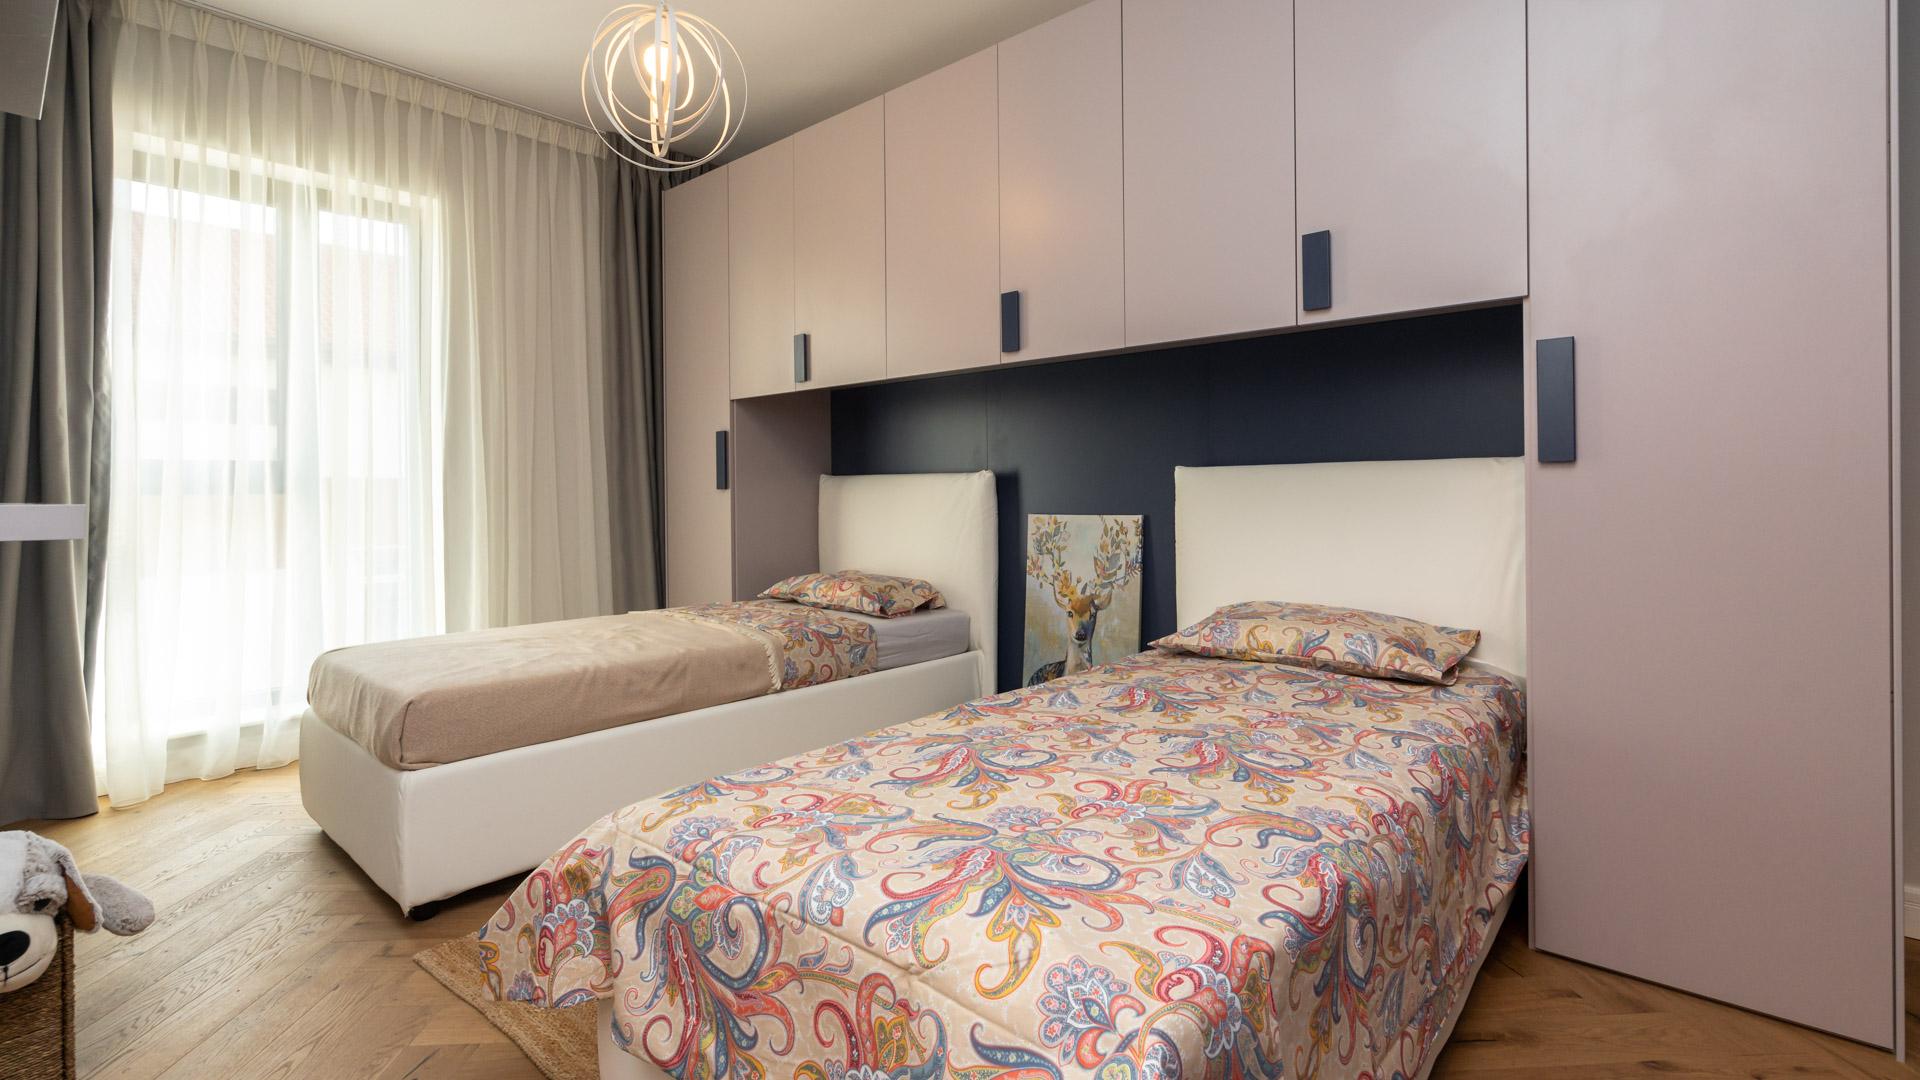 Northville-Baneasa-vila-showroom-dormitor
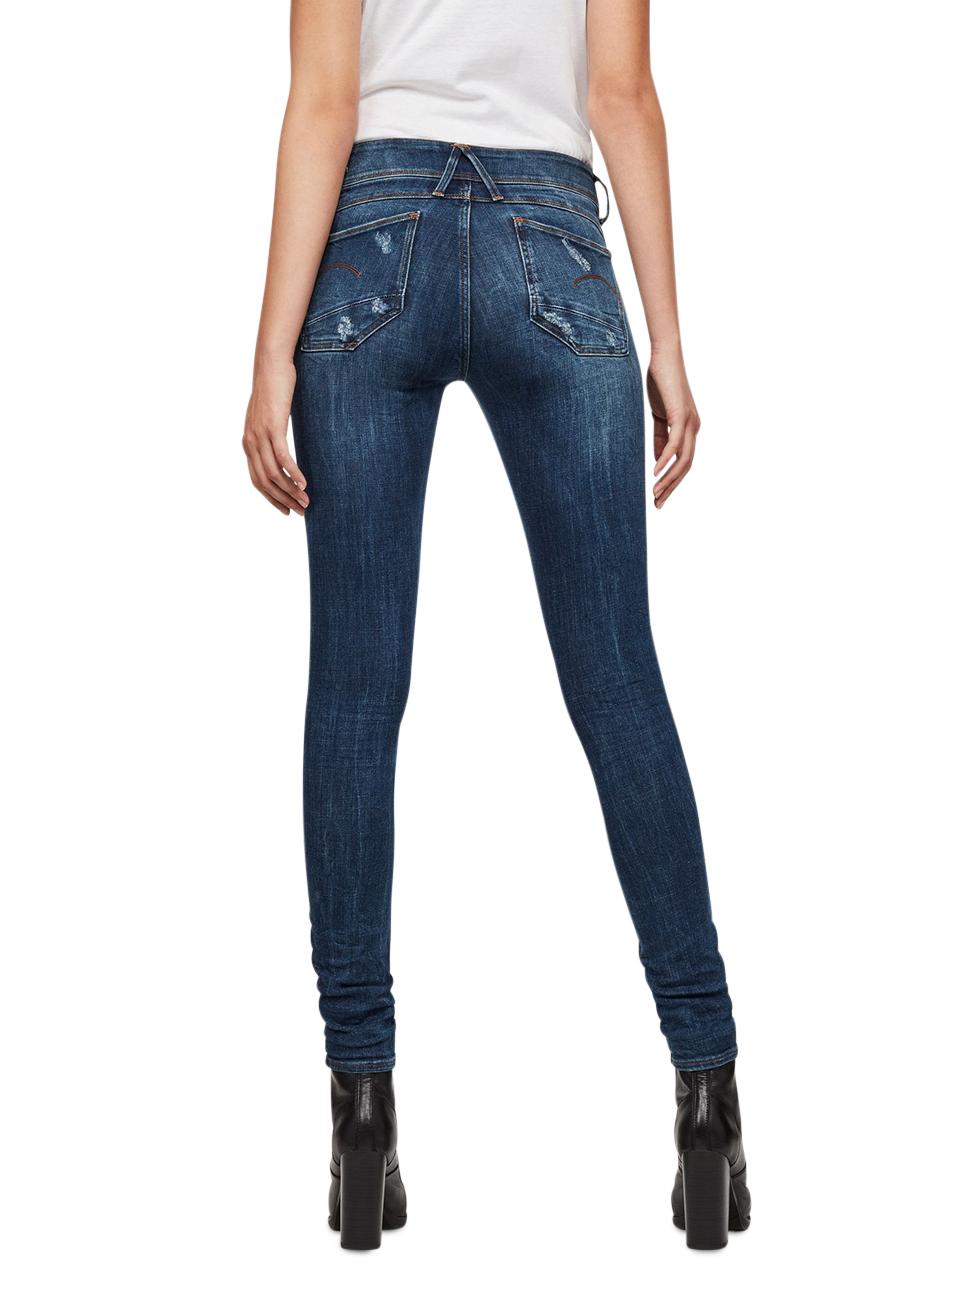 g-star-damen-jeans-lynn-mid-waist-super-skinny-blau-dark-aged-restored, 99.95 EUR @ jeans
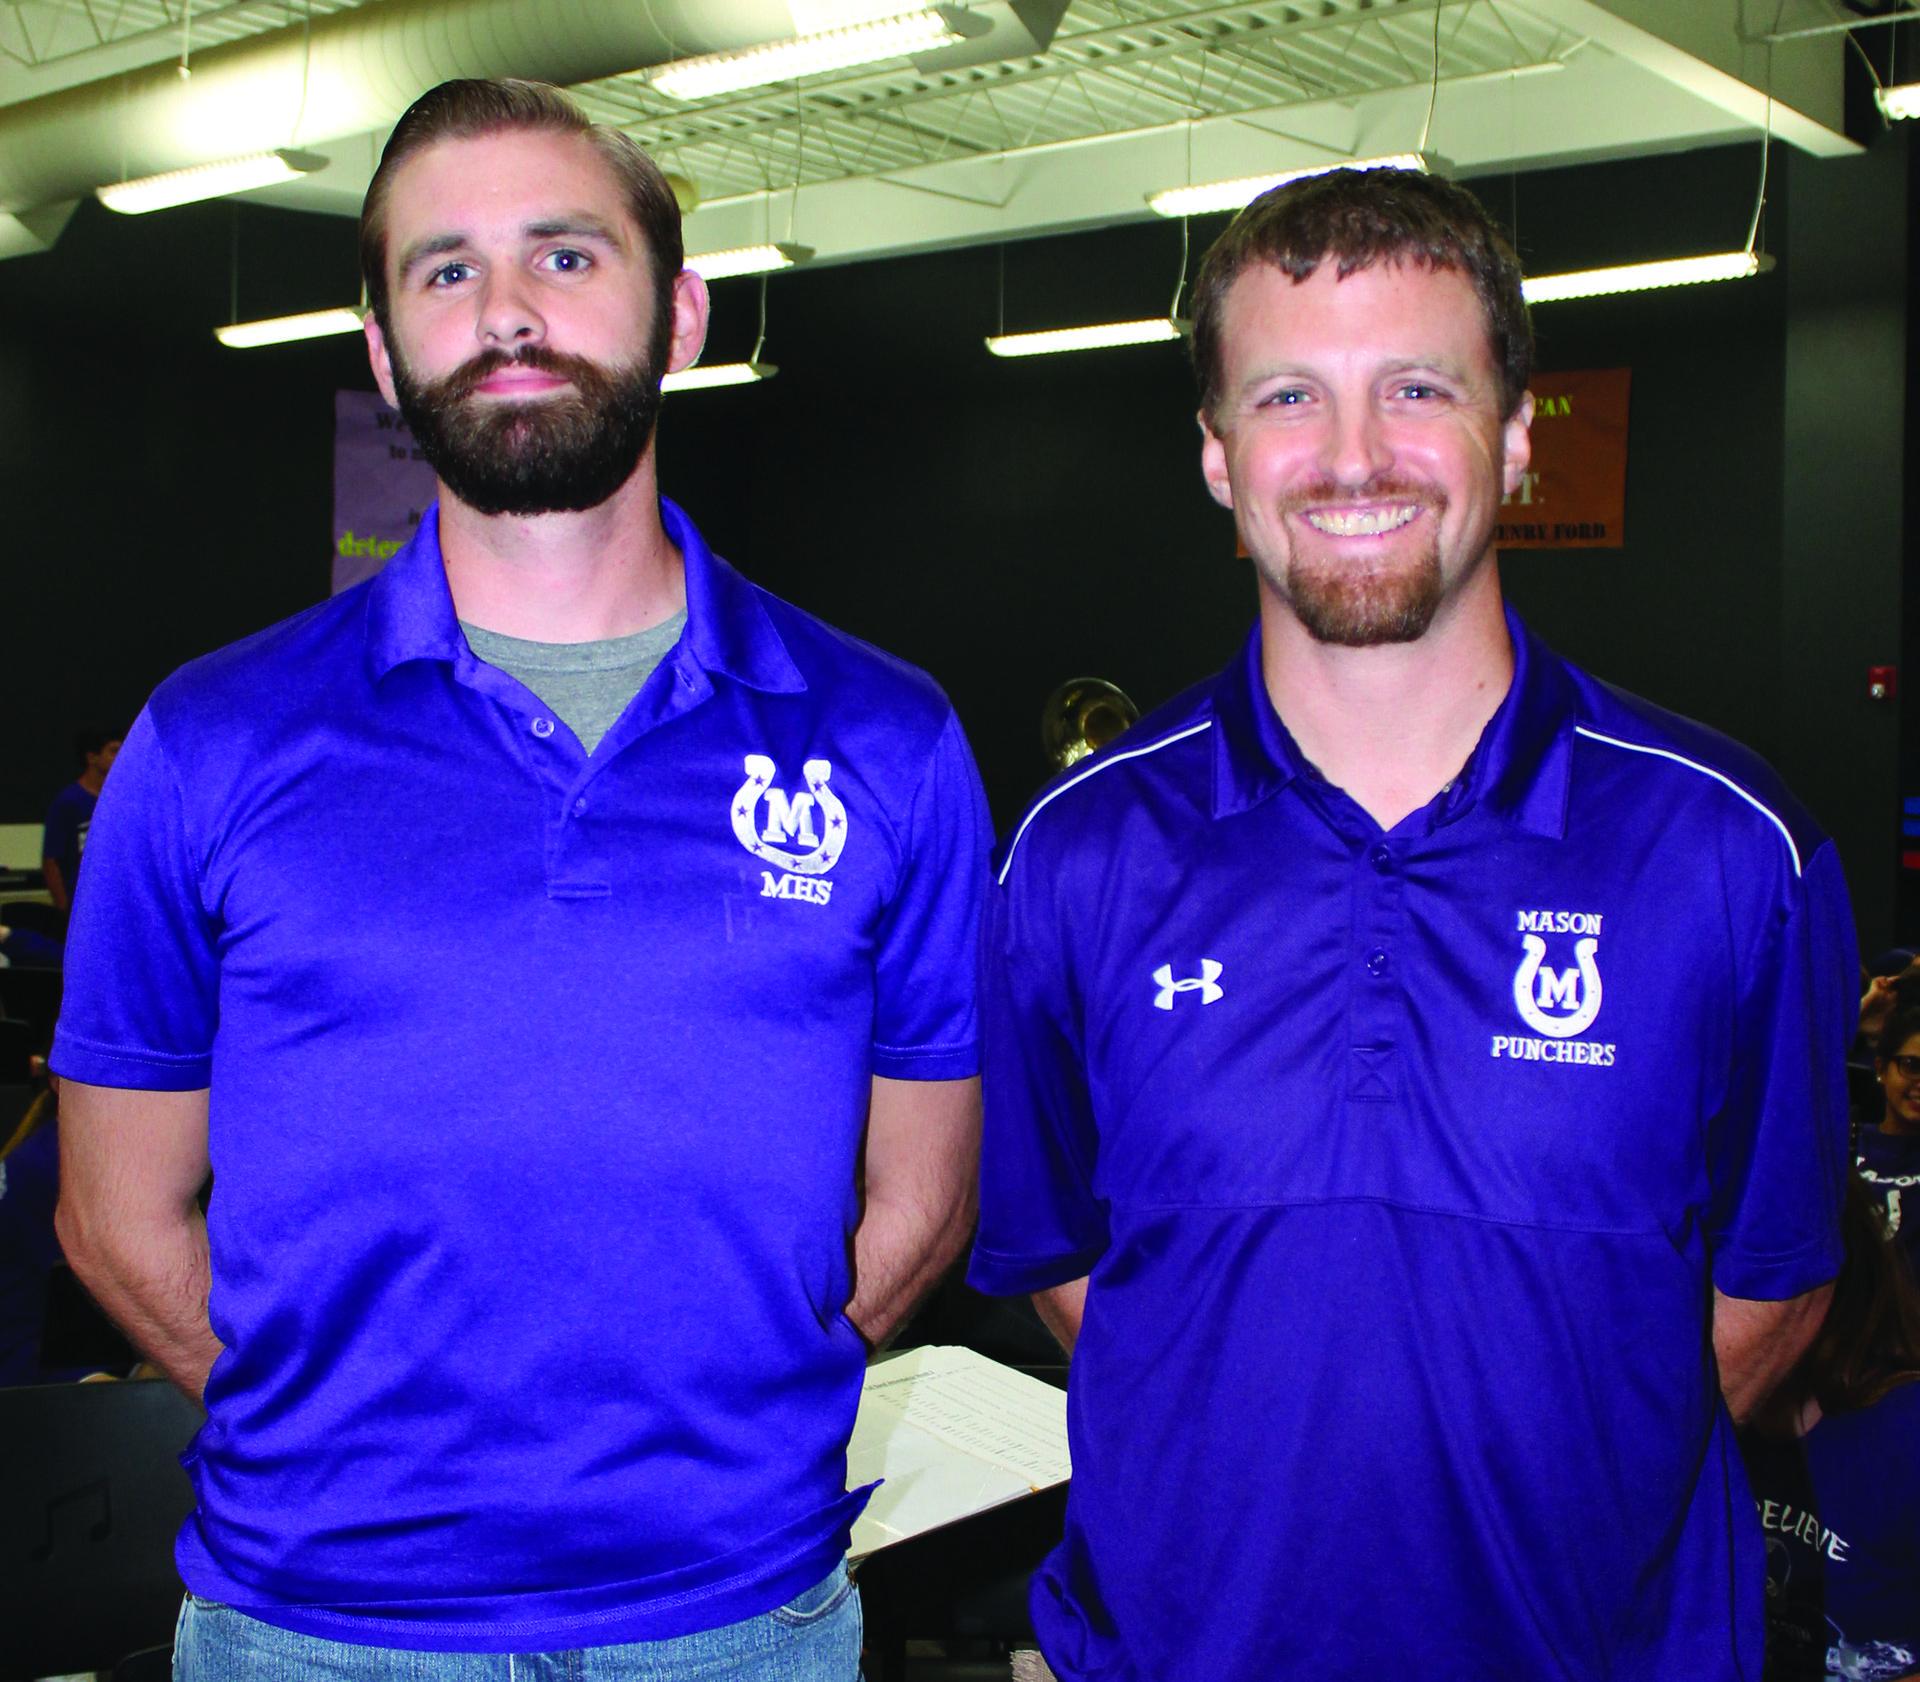 Mr. McPherson and Mr. Halamicek
-----
● **PROBLEM DESCRIPTION**: Everything from the line holding "EUR @ jeans" through the last line of the listing should be written out exactly, except for the pictures.

● **COMPLETED TASK**:
 g-star-damen-jeans-lynn-mid-waist-super-skinny-blau-dark-aged-restored, 99.95 EUR @ jeans
 Mr. McPherson and Mr. Halamicek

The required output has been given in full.